Pursuant to Section 13, Article VIII of the Constitution and the Division Chairperson’s Attestation, I certify that the conclusions in the above Decision had been reached in consultation before the case was assigned to the writer of the opinion of the Court’s Division.

RENATO C. CORONA
Chief Justice


Footnotes

* Designated as an additional member in lieu of Justice Roberto A. Abad, per Special Order No. 905 dated October 5, 2010.

1 Rollo, pp. 8-12. Penned by RTC Judge Franco T. Falcon.

2 Records, pp. 11-13.

3 Id.

4 Id. at 60-61.

5 Id. at 60. See also Records, p. 17.

6 Id. at 62-63.

7 Id. at 64.

8 Id. at 65.

9 Id. at 66-67.

10 Id. at 68-69.

11 Id. at 70-79.

12 Id. at 92-101.

13 Id. at 102.

14 Id. at 45-49.

15 Id. at 12.

16 Id. at 26-27.

17 Security Pacific Assurance Corporation v. Hon. Tria-Infante, 505 Phil. 609, 620 (2005).

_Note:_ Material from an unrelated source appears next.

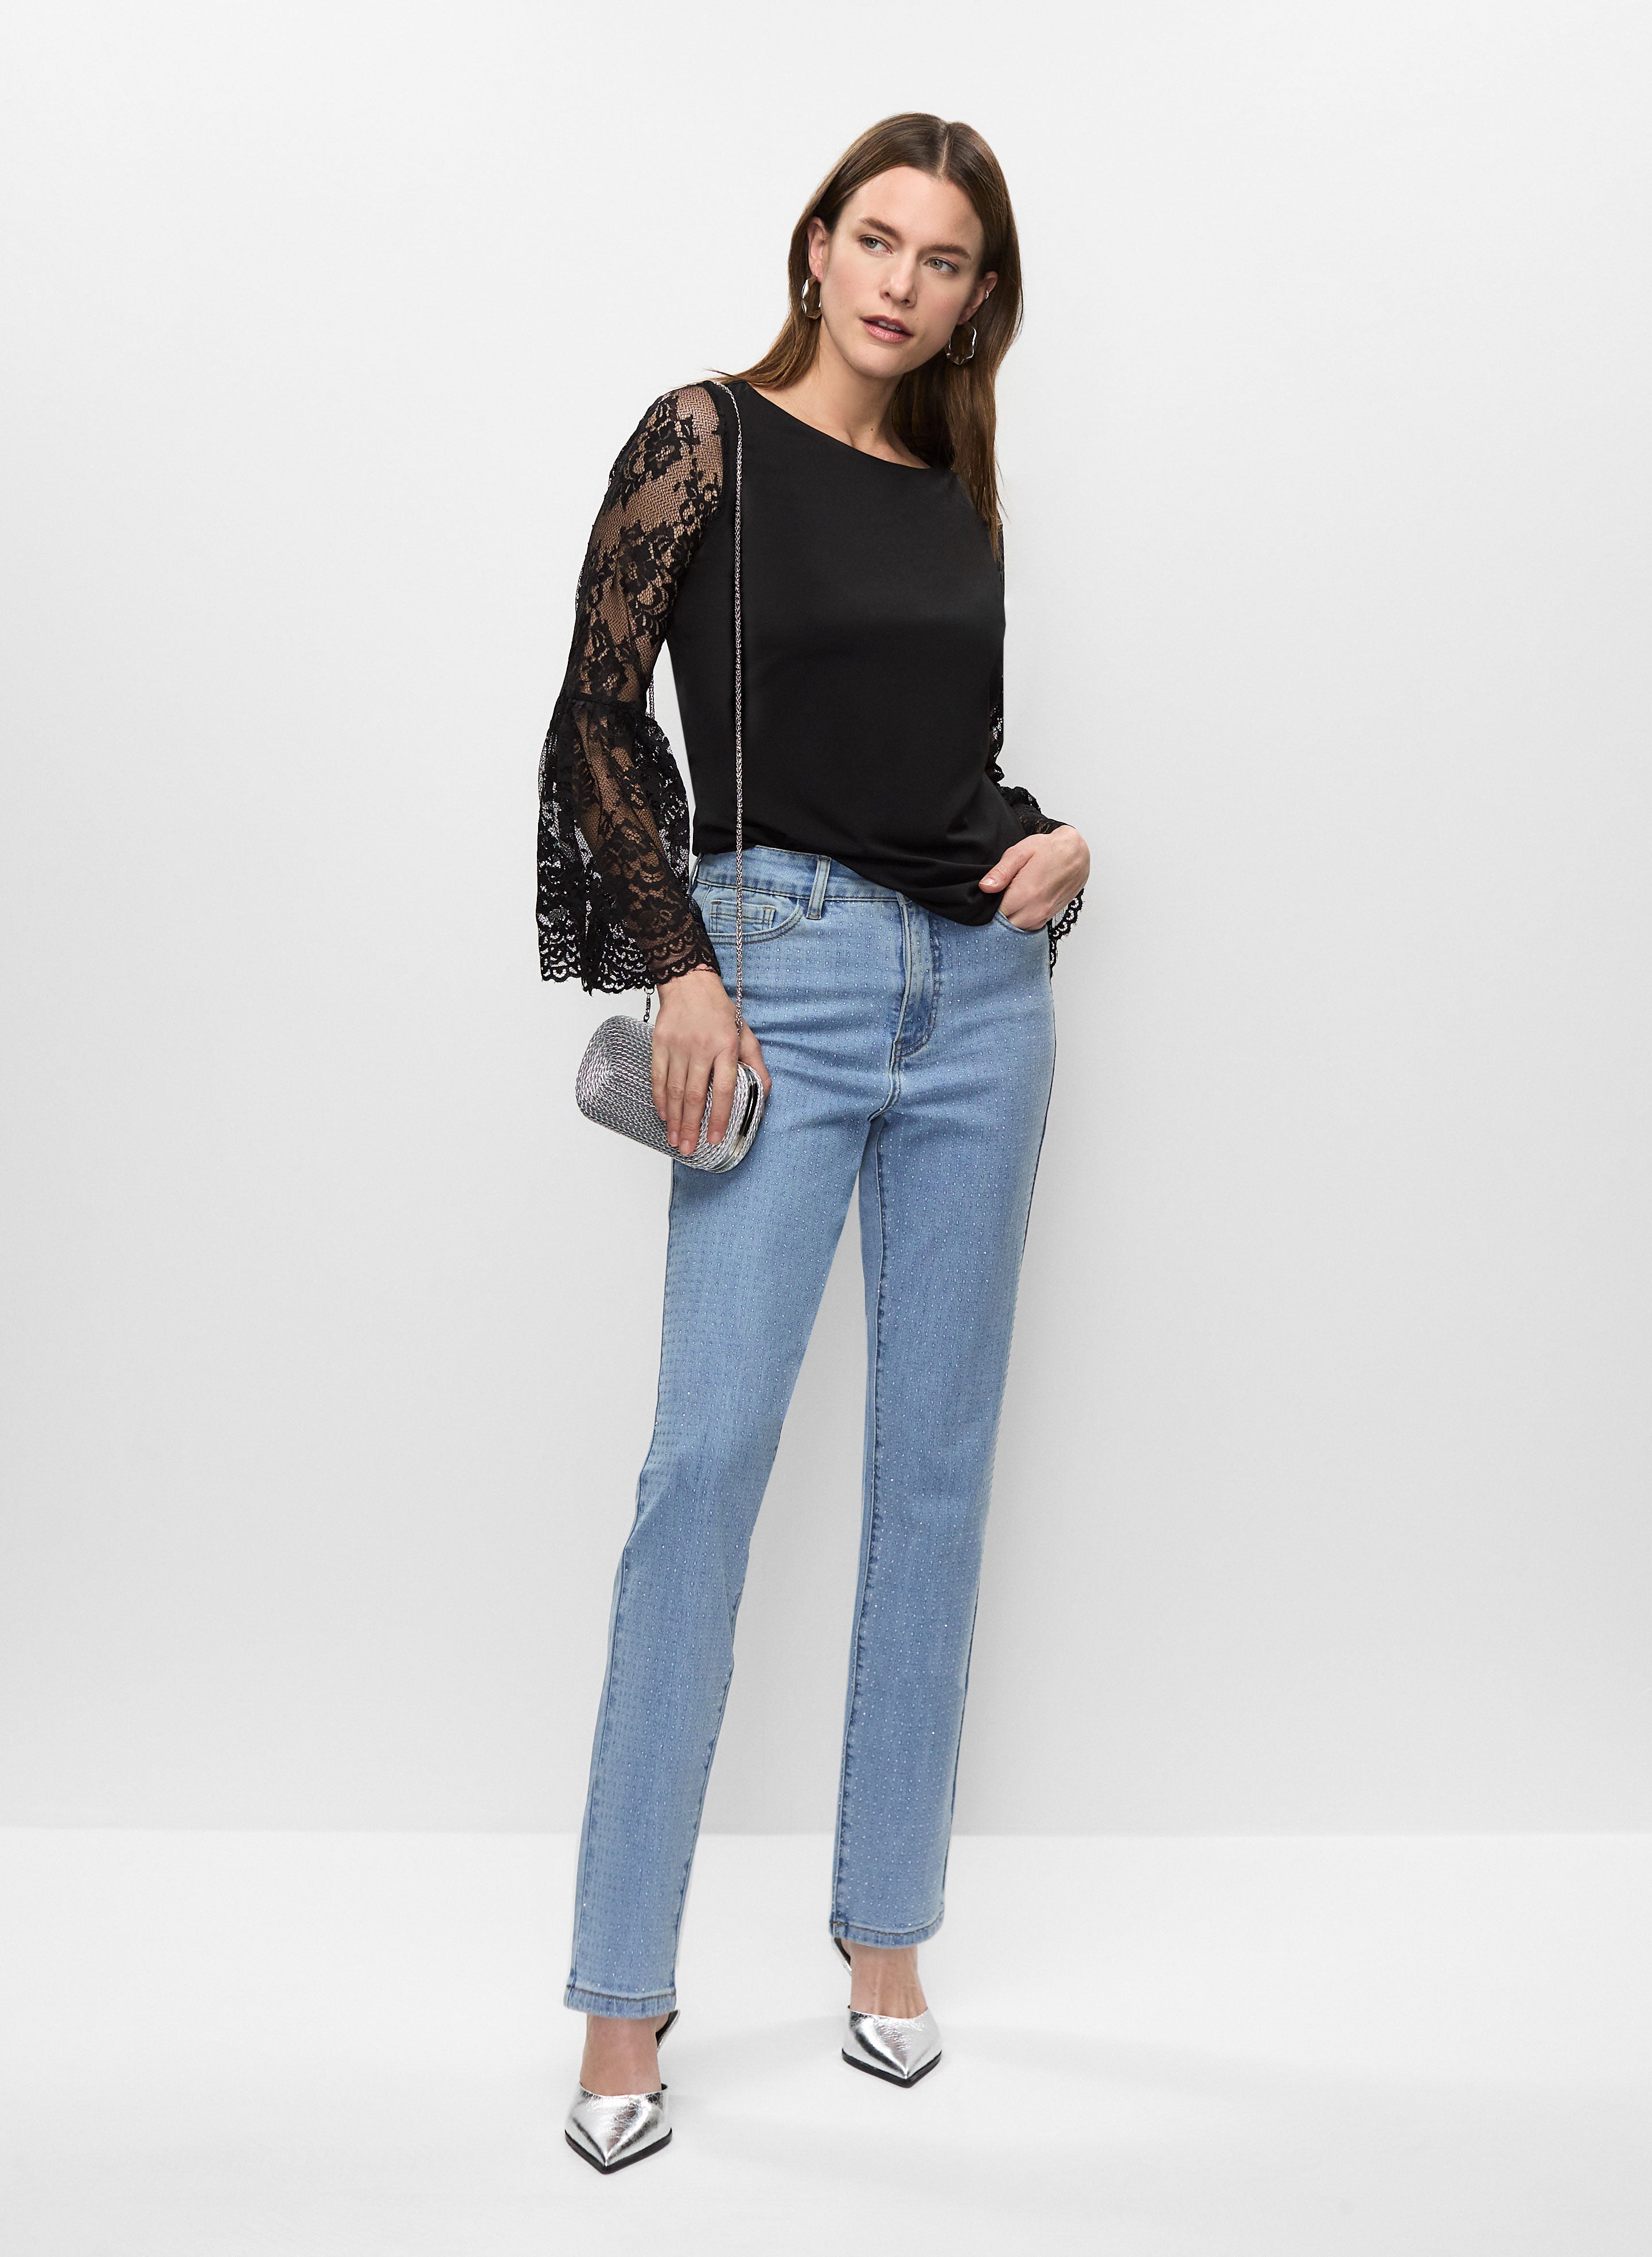 Lace Sleeve Top & Embellished Jeans

18 Philippine Bank of Communications v. Lim, 495 Phil. 645, 651 (2005).

19 G.R. No. 147561, June 22, 2006, 492 SCRA 179, 190.

20 G.R. No. 80201, November 20, 1990, 191 SCRA 493, 495-496.

21 Intra-Strata Assurance Corporation v. Republic, G.R. No. 156571, July 9, 2008, 557 SCRA 363, 375-376.

22 Art. 1217 reads in part: Payment made by one of the solidary debtors extinguishes the obligation. If two or more solidary debtors offer to pay, the creditor may choose which offer to accept.

He who made payment may claim from his co-debtors only on the share which corresponds to each, with the interest for the payment already made. If the payment is made before the debt is due, no interest for the intervening period may be demanded.